Пачи говорил, а в голове его роились воспоминания прошлого. Стремительный Амур, стойбище Туссер, обваливающие берега и друг его детства Аями Оненко. Ясный солнечный день, плеск тяжелой глины о воду, брызги, пена, черная голова Аями стремительно понеслась вниз по течению. Какое-то мгновение раздумывал Пачи, потом прыгнул с обрыва, схватил уже тонущего друга за волосы и выплыл на берег. Аями наглотался воды, его долго рвало, потом он отлежался, и друзья вернулись в стойбище. И никто не узнал, как тонул Аями. Тогда и была скреплена эта дружба.
— Токто, друг мой, не обижайся, сердце обливается кровью, но я против своей воли должен отказать твоему сыну, — с этими словами Пачи вышел на улицу и вернулся с маленьким жбаном.
Токто с Потой сразу догадались, что это за жбан, и решили разговор дальше не продолжать.
— Вот, вот он стал поперек дороги! — в сердцах воскликнул Пачи и бросил жбан на нары. — Друг мой живой и здоровый, а сын его растет болезненный, кашляет, худеет. Половину тори они собрали, после кетовой приедут за невестой.
Пачи говорил, а перед глазами стоял жбан, в котором заключено счастье обоих молодых людей: сына Аями и его дочери.
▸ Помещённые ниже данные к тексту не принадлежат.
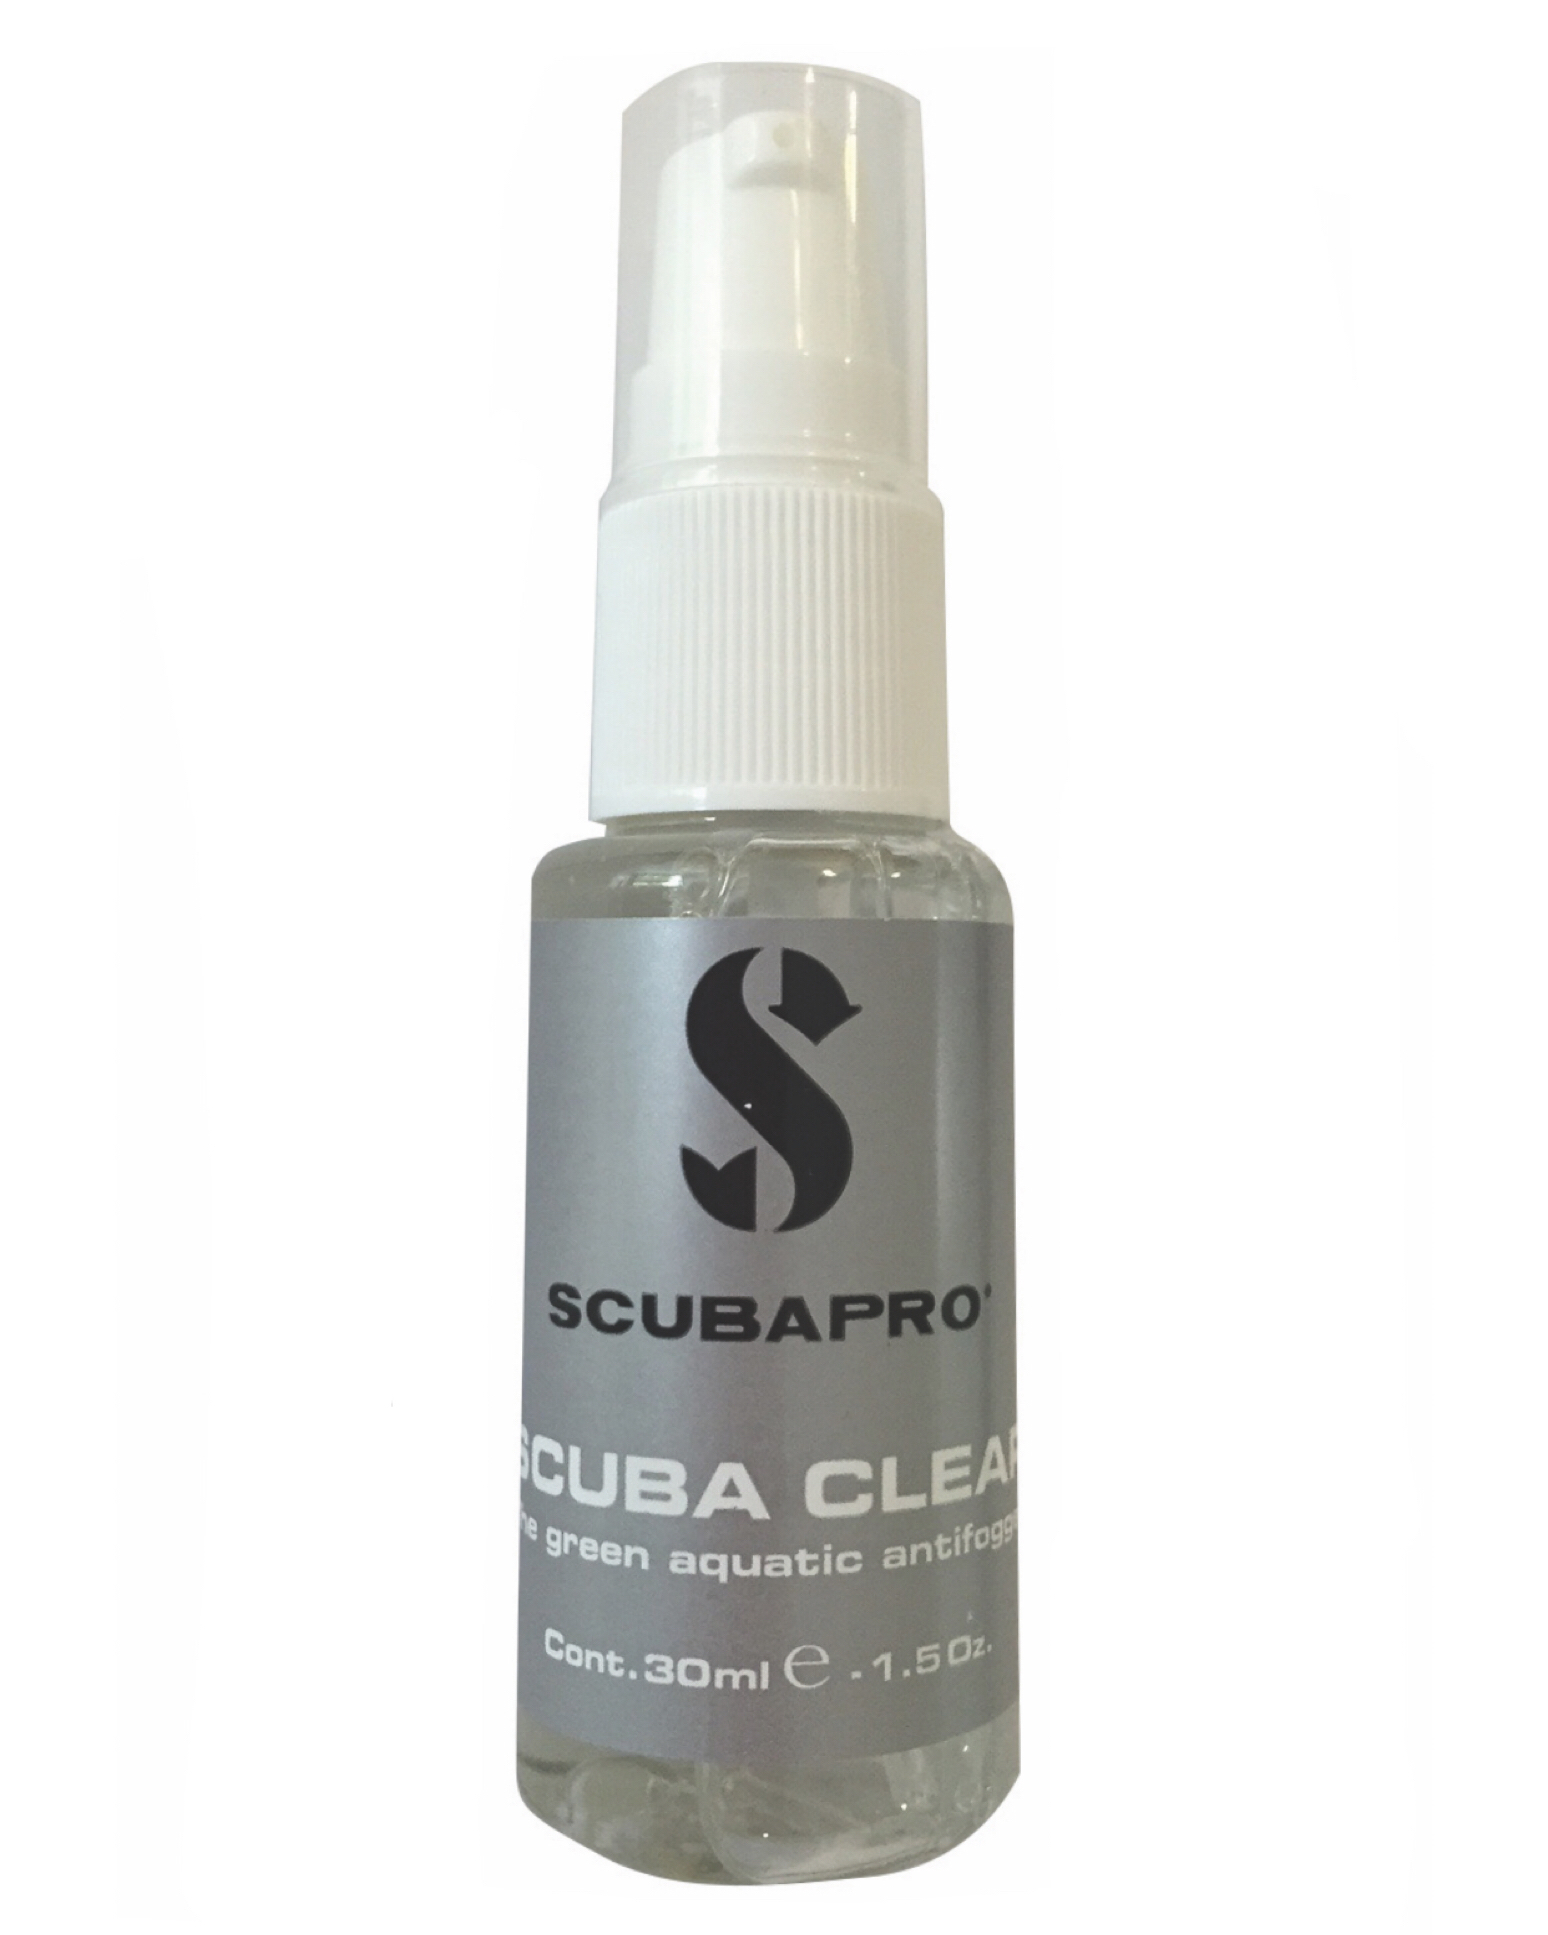 Scubaclear45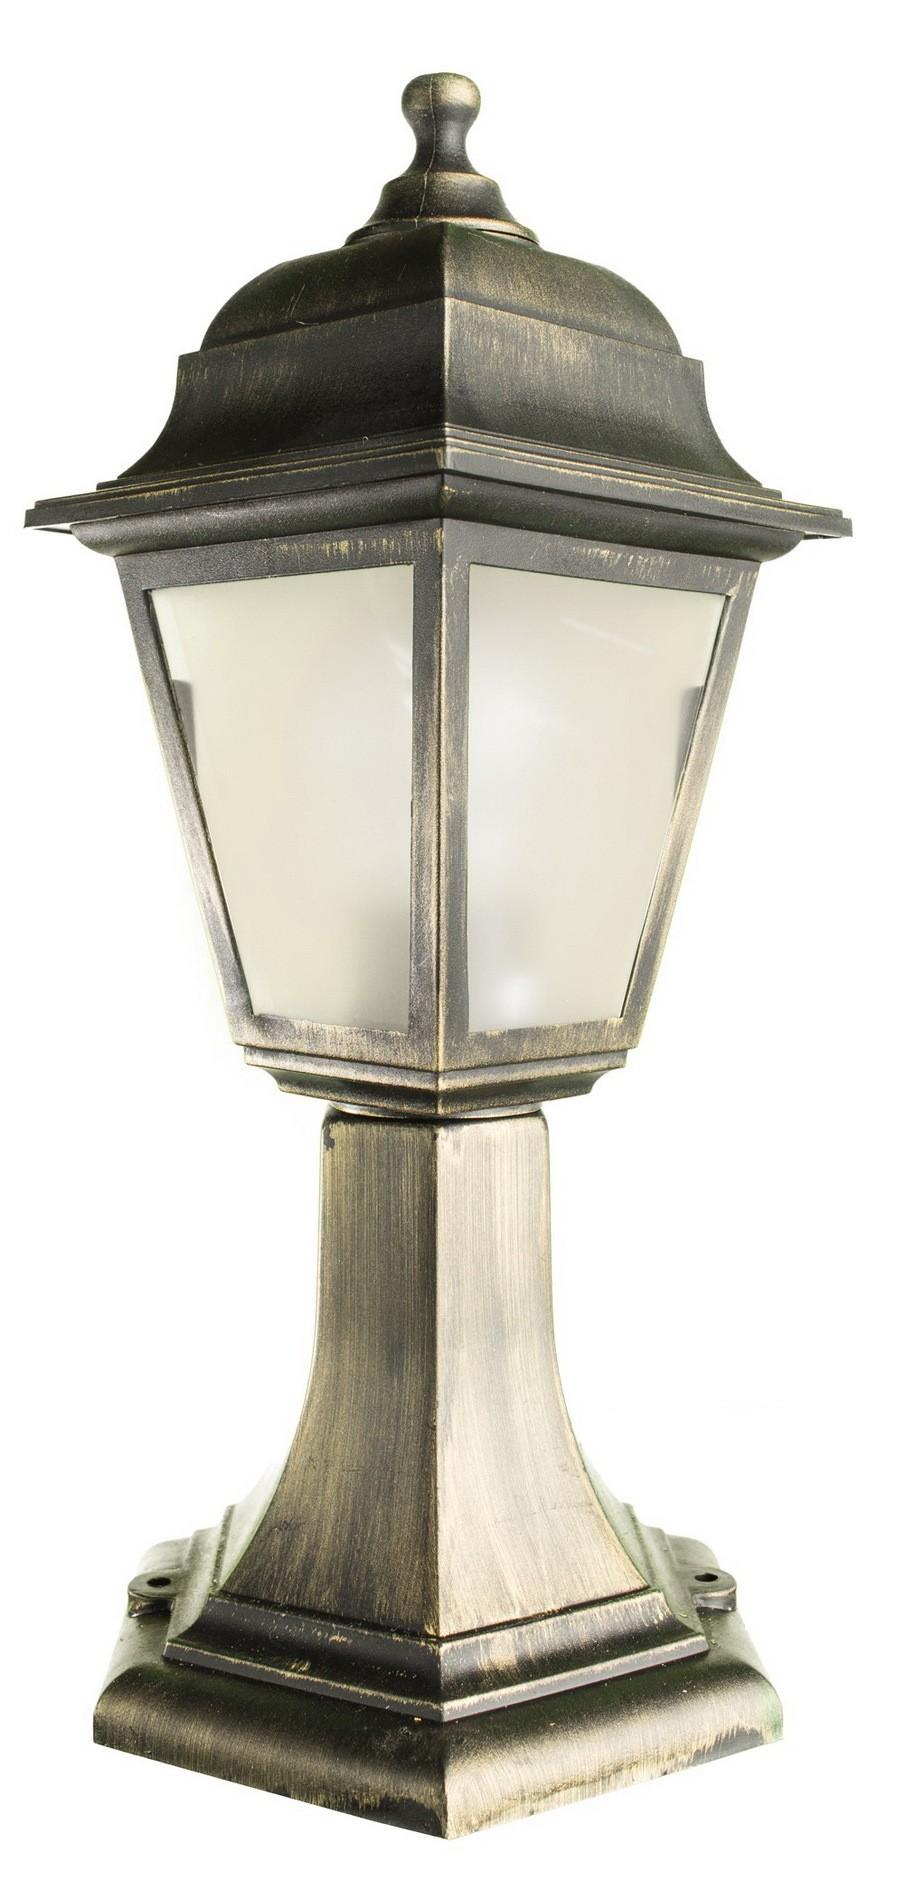 Светильник уличный Arte lamp A1117fn-1br

…Друзья юности Пачи и Аями не расставались и тогда, когда повзрослели, они вместе охотились и рыбачили, даже к торговцу в соседнее село выезжали на пару. Женились они почти одновременно, и дети появились с разницей на год. Прошло еще несколько долгих лет, и дружба их крепла. Тогда они решили породниться.
У Аями рос пятилетний сын, у Пачи дочь четырех лет. Позвали шамана, он потребовал небольшой жбан, пропел шаманскую песню, вырезал небольшие кусочки из полы халата мальчика и девочки, положил в жбан, еще пропел песню, потом прикрыл горло жбана сомьим пузырем, сазаньей кожей, завязал лосиными жилами и обмазал глиной.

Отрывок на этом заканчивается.